→ **Directions**: Your job is to print, exactly, the lines in the data below from the line with "Dr. Mohamed Korayem Fattouh Hamed" through the line with "野生猴子 神农山 小猴子 野猴子 山上猴子 旅游拍摄 生物世界 野生动物", both included, and to omit any picture.

→ **Records for the exercise**:
▼▼▼
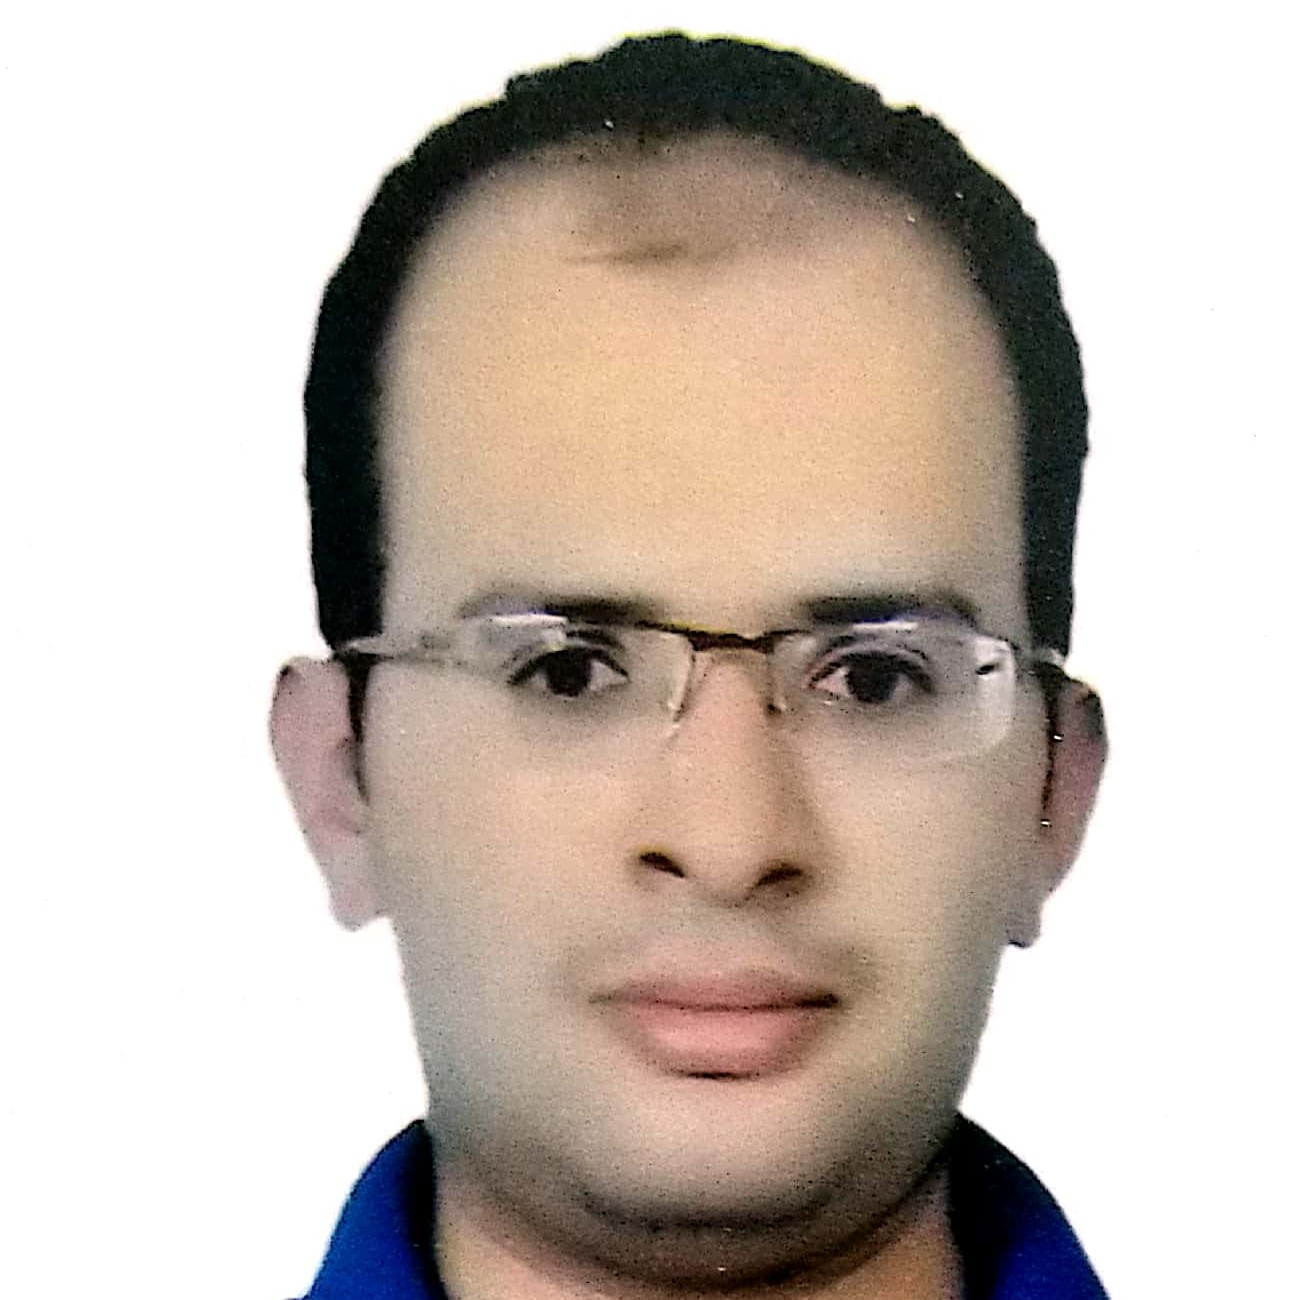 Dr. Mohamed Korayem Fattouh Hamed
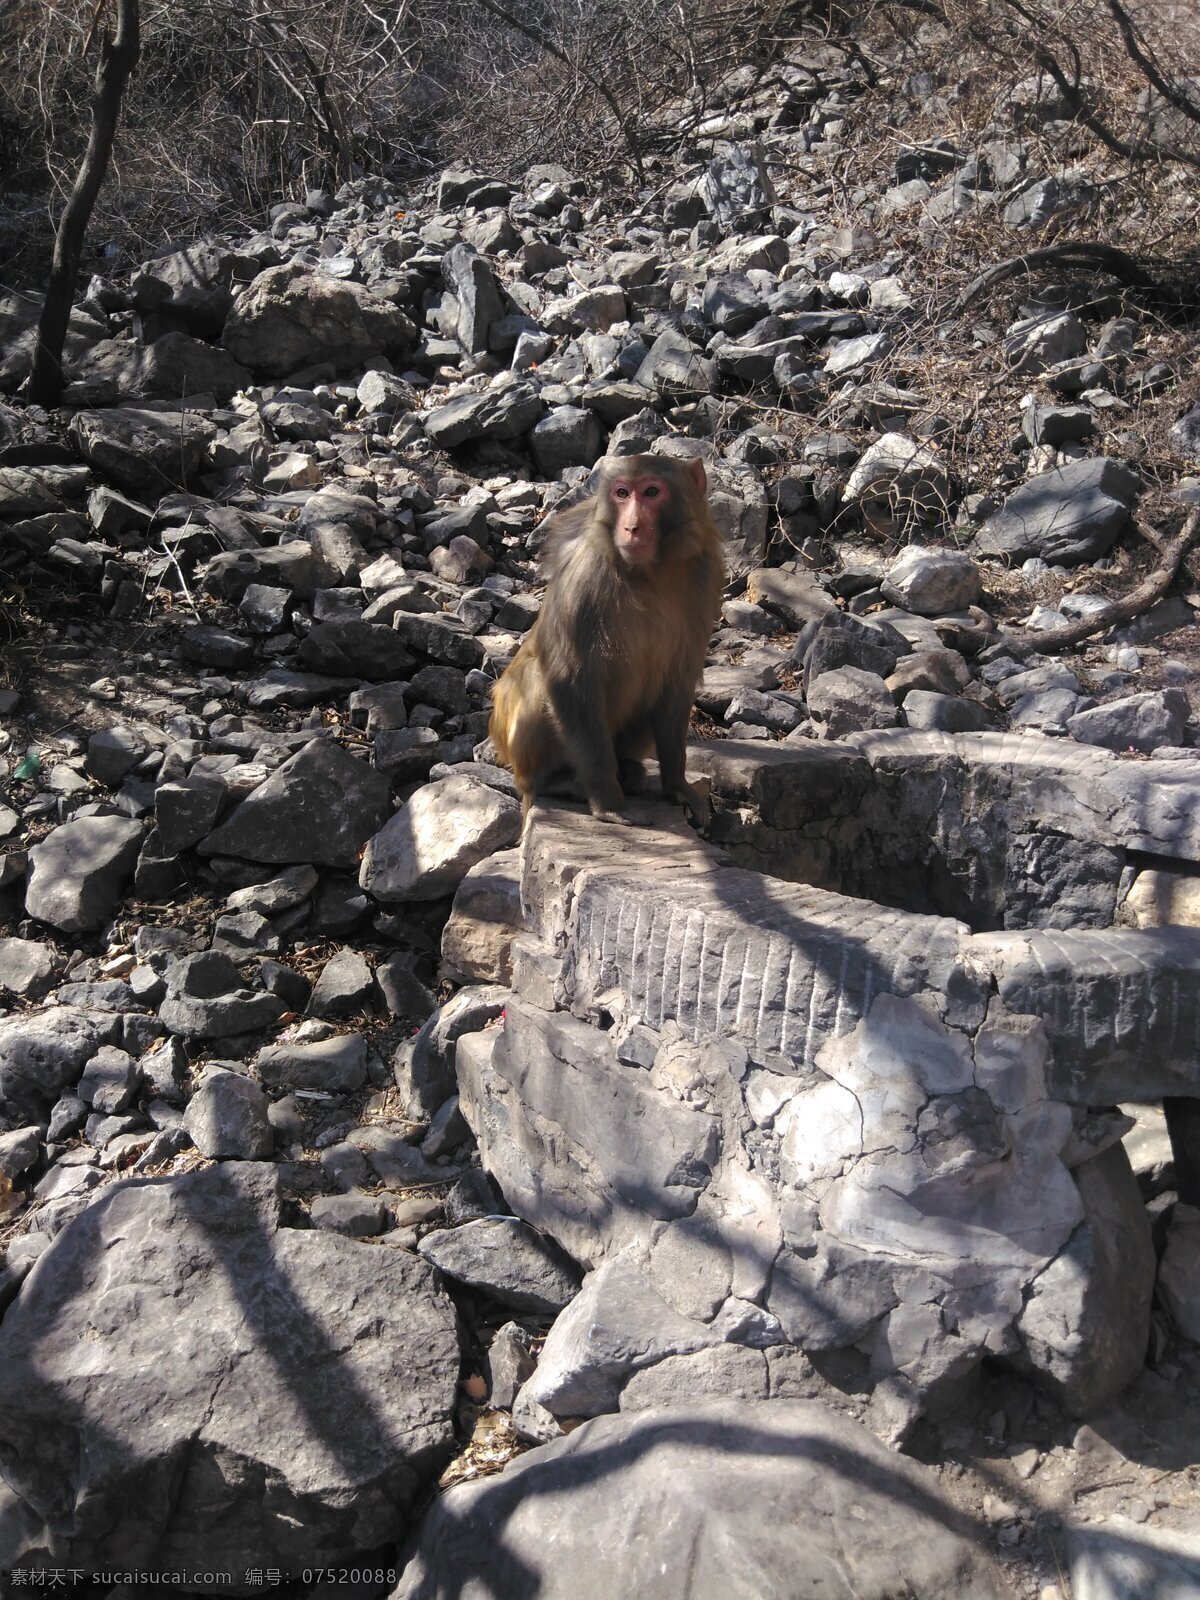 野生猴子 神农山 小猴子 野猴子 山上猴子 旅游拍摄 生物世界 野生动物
▲▲▲
▼▼▼
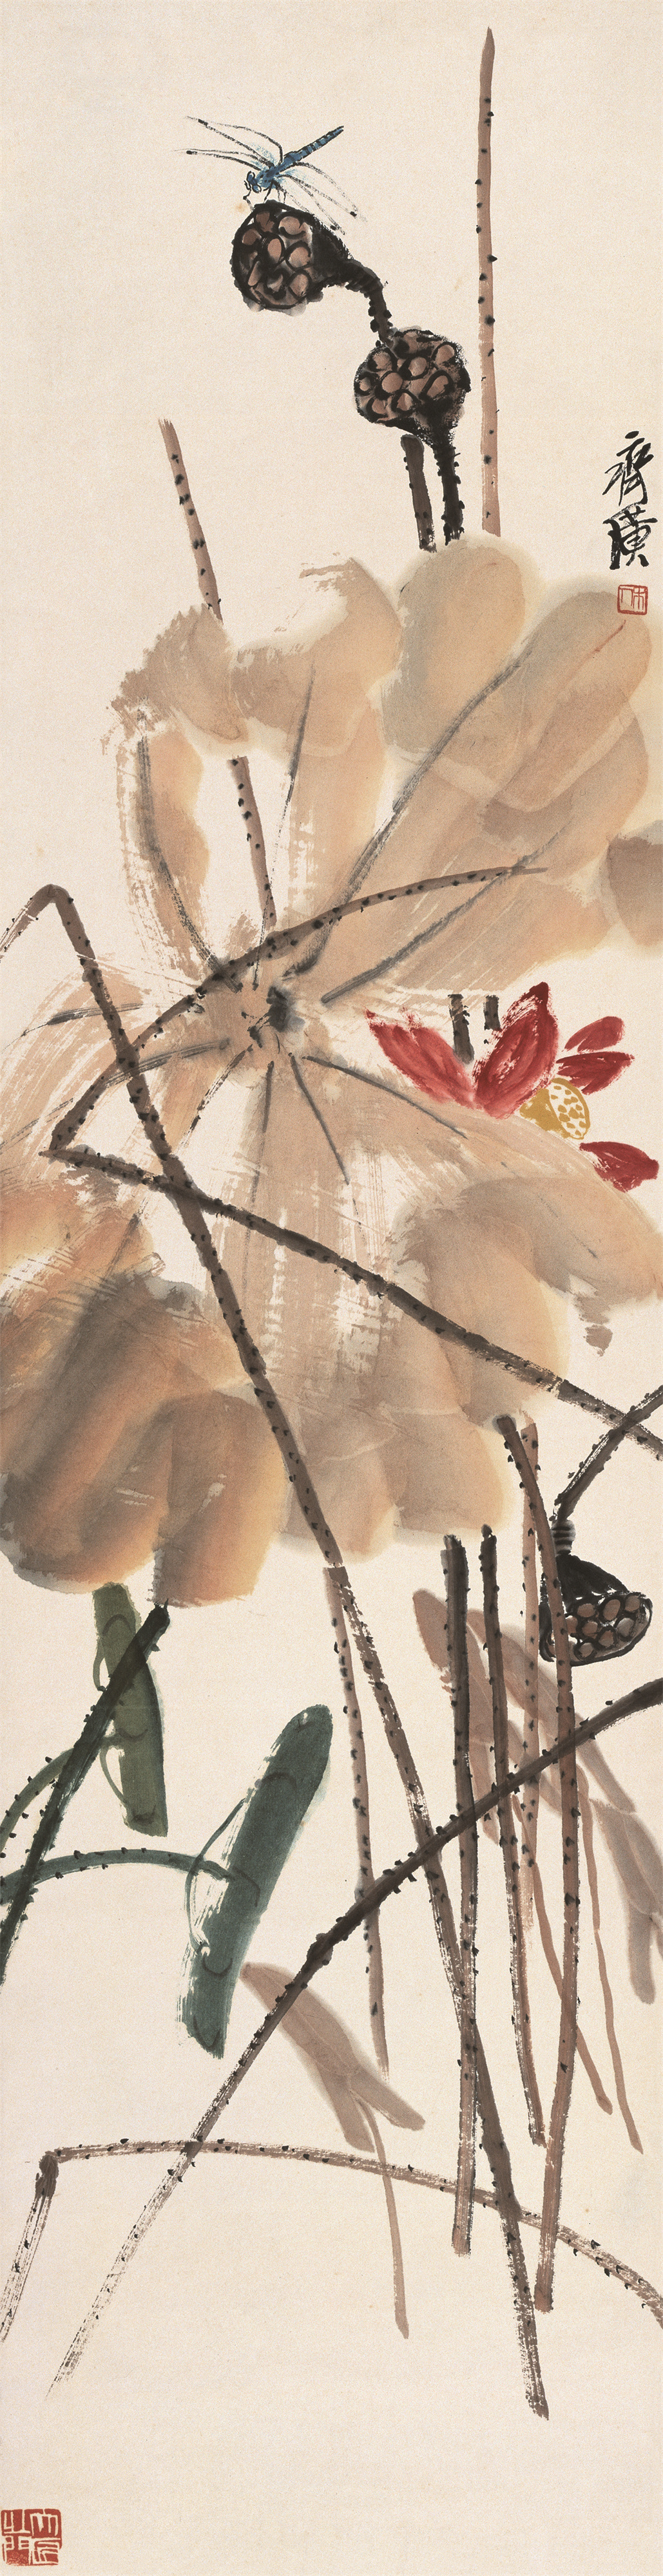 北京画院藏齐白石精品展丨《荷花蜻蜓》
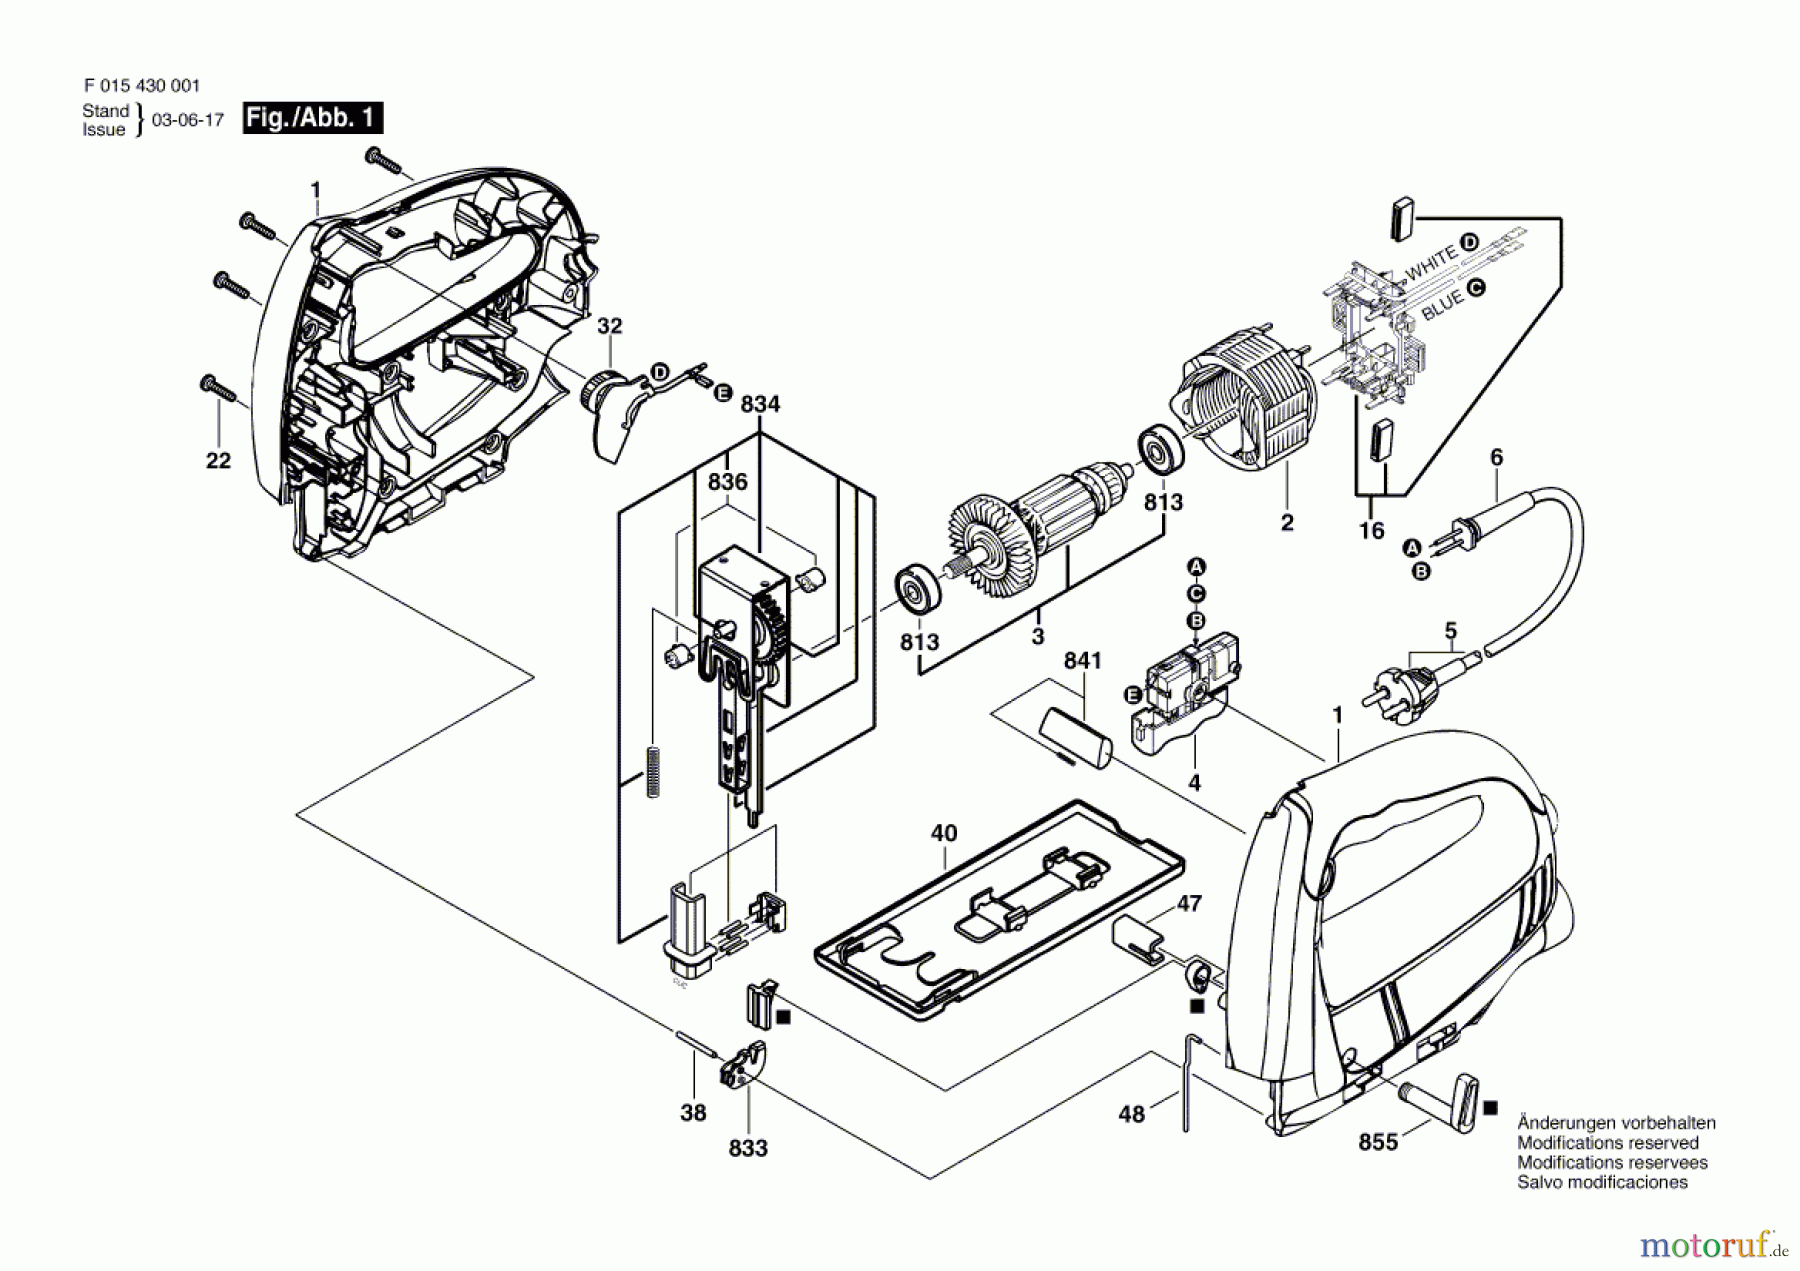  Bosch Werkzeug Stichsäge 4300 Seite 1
▲▲▲
→ **Response area**:
 Dr. Mohamed Korayem Fattouh Hamed
 野生猴子 神农山 小猴子 野猴子 山上猴子 旅游拍摄 生物世界 野生动物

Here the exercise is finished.